Split string in a spark dataframe column by regular expressions capturing groups

python-3.x apache-spark pyspark apache-spark-sql

10,700

Solution 1

Here's how you can do this without using a udf:

df = df.withColumn(
    "numbers",
    f.split(f.regexp_replace("numbers", "([0-9]{3})(?!$)", r"$1,"), ",")
)

df.show(truncate=False)
#+---+------------------------------+
#|id |numbers                       |
#+---+------------------------------+
#|742|[000, 000, 000]               |
#|744|[000, 000]                    |
#|746|[003, 000, 000, 000, 000, 000]|
#+---+------------------------------+

First use pyspark.sql.functions.regexp_replace to replace sequences of 3 digits with the sequence followed by a comma. Then split the resulting string on a comma.

The replacement pattern "$1," means first capturing group, followed by a comma.

In the match pattern, we also include a negative lookahead for end of string, (?!$), to avoid adding a comma to the end of the string.

Reference: REGEXP_REPLACE capturing groups

Solution 2

split will remove the pattern the string is split on; You need to create a udf for this:

from pyspark.sql.functions import udf
from pyspark.sql.types import ArrayType, StringType
import re

# create a udf with re.findall
split_by_three = f.udf(lambda s: re.findall(r'\d{3}', s), ArrayType(StringType()))
df.withColumn('numbers', split_by_three('numbers')).show(3, False)

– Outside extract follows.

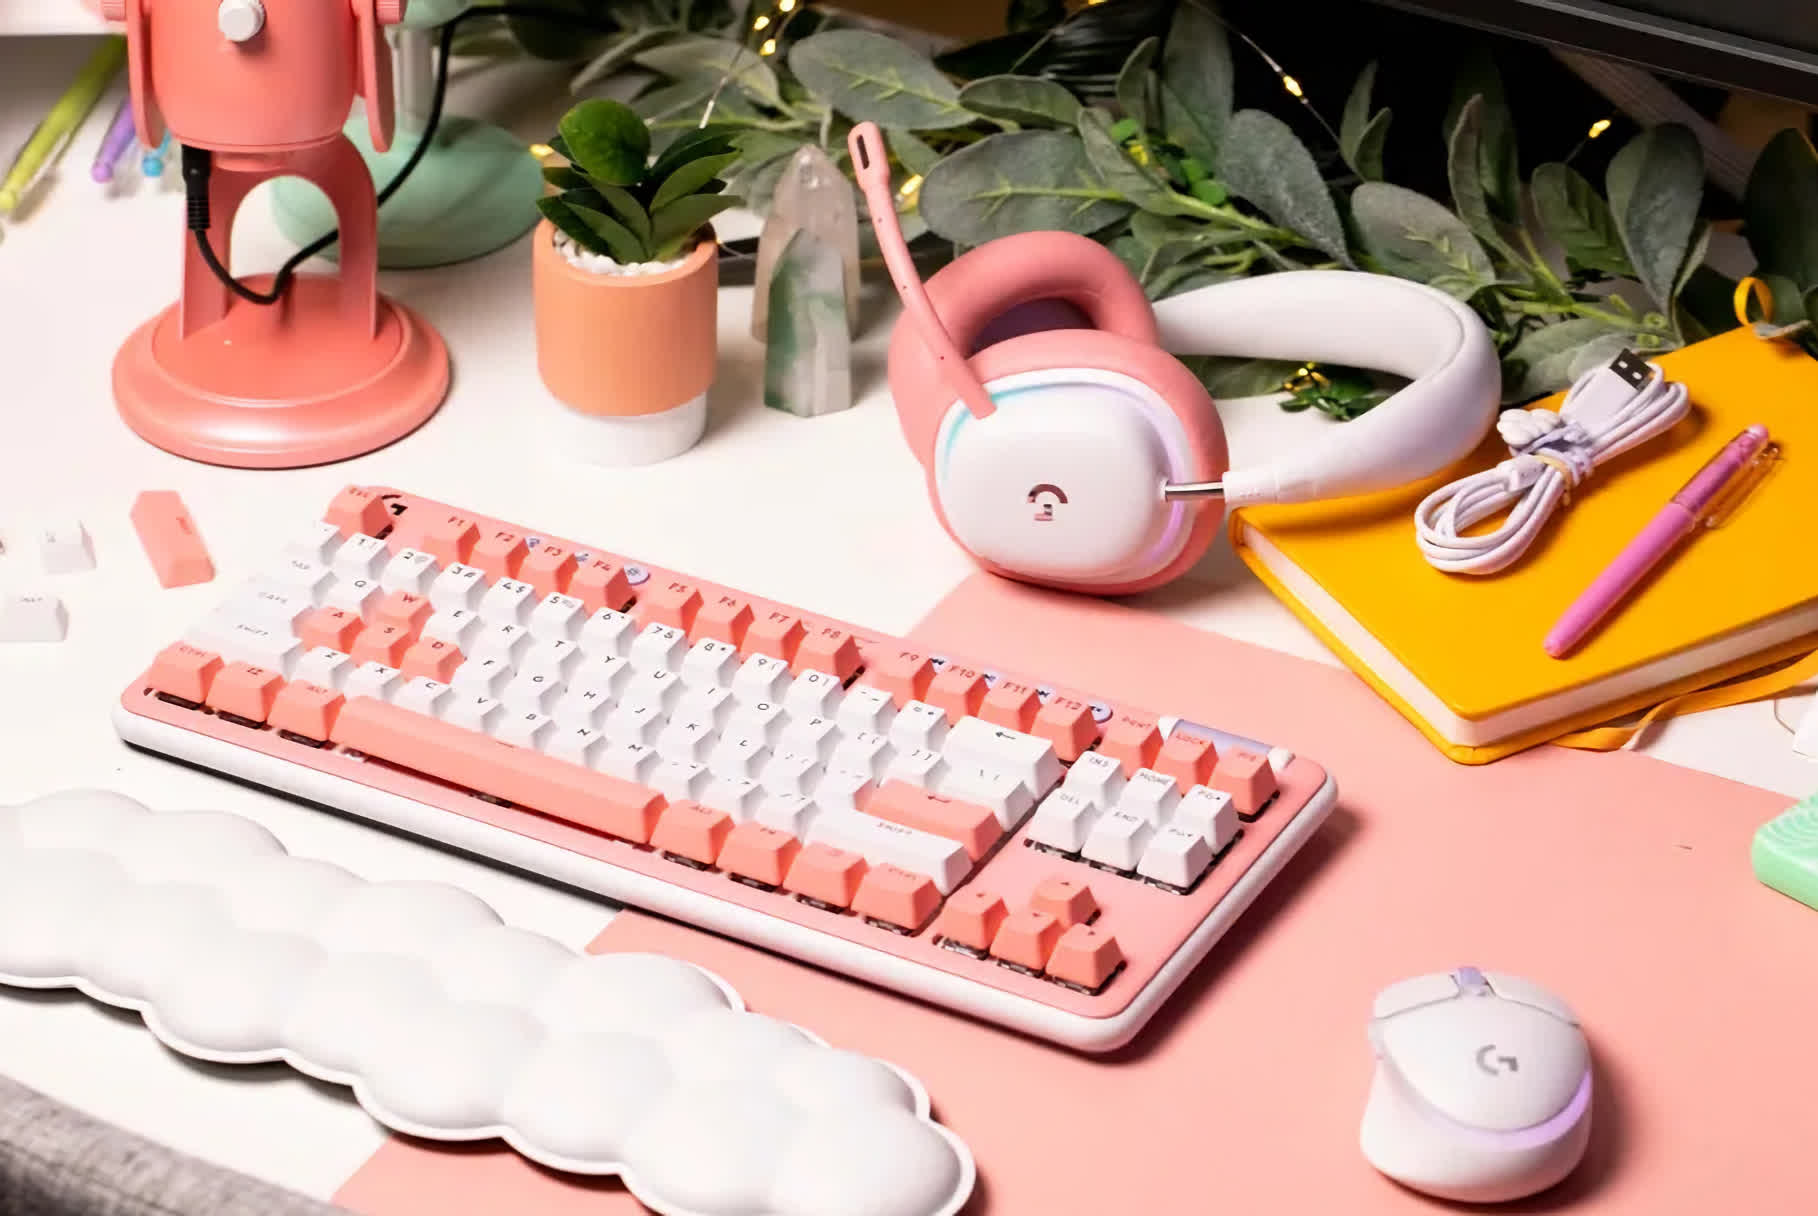 Logitech launches a new line of gaming products designed with inclusivity in mind

#+---+------------------------------+
#|id |numbers                       |
#+---+------------------------------+
#|742|[000, 000, 000]               |
#|744|[000, 000]                    |
#|746|[003, 000, 000, 000, 000, 000]|
#+---+------------------------------+

df.withColumn('numbers', split_by_three('numbers')).printSchema()
#root
# |-- id: long (nullable = true)
# |-- numbers: array (nullable = true)
# |    |-- element: string (containsNull = true)

Solution 3

Both @pault and @Psidom ways are awesome! Here is another alternative;

>>> split_udf = F.udf(lambda x: ','.join([''.join(i) for i in zip(*[iter(x)]*3)]))
>>> df.withColumn('numbers', F.split(split_udf('numbers'),',')).show(truncate=False)
+---+------------------------------+
|id |numbers                       |
+---+------------------------------+
|742|[000, 000, 000]               |
|744|[000, 000]                    |
|746|[003, 000, 000, 000, 000, 000]|
+---+------------------------------+

10,700

Shadab Shariff

Updated on June 04, 2022

Comments

Shadab Shariff almost 2 years

Given the below data frame, i wanted to split the numbers column into an array of 3 characters per element of the original number in the array

Given data frame :

+---+------------------+
| id|           numbers|
+---+------------------+
|742|         000000000|
|744|            000000|
|746|003000000000000000|
+---+------------------+

Expected dataframe :

+---+----------------------------------+
| id|           numbers                |
+---+----------------------------------+
|742| [000, 000, 000]                  |
|744| [000, 000]                       |
|746| [003, 000, 000, 000, 000, 000]   |
+---+----------------------------------+

I tried different regular expressions while using the split function given below the with the regex that I felt should have worked on the very first try:

import pyspark.sql.functions as f

df = spark.createDataFrame(
    [
        [742, '000000000'], 
        [744, '000000'], 
        [746, '003000000000000000'], 
    ],
    ["id", "numbers"]
)

df = df.withColumn("numbers", f.split("numbers", "[0-9]{3}"))

df.show()

The result however is

+---+--------------+
| id|       numbers|
+---+--------------+
|742|      [, , , ]|
|744|        [, , ]|
|746|[, , , , , , ]|
+---+--------------+

I want to understand what I am doing wrong. Is there a possibility of setting the global flag for getting all the matches or have I missed something in the regular expression altogether?

pault over 5 years

Whenever I see You need to create a udf for this, I take it as a personal challenge.
Psidom over 5 years

This is pretty clever -
pault over 5 years

@Psidom one downside is that it assumes no other commas exist in the string.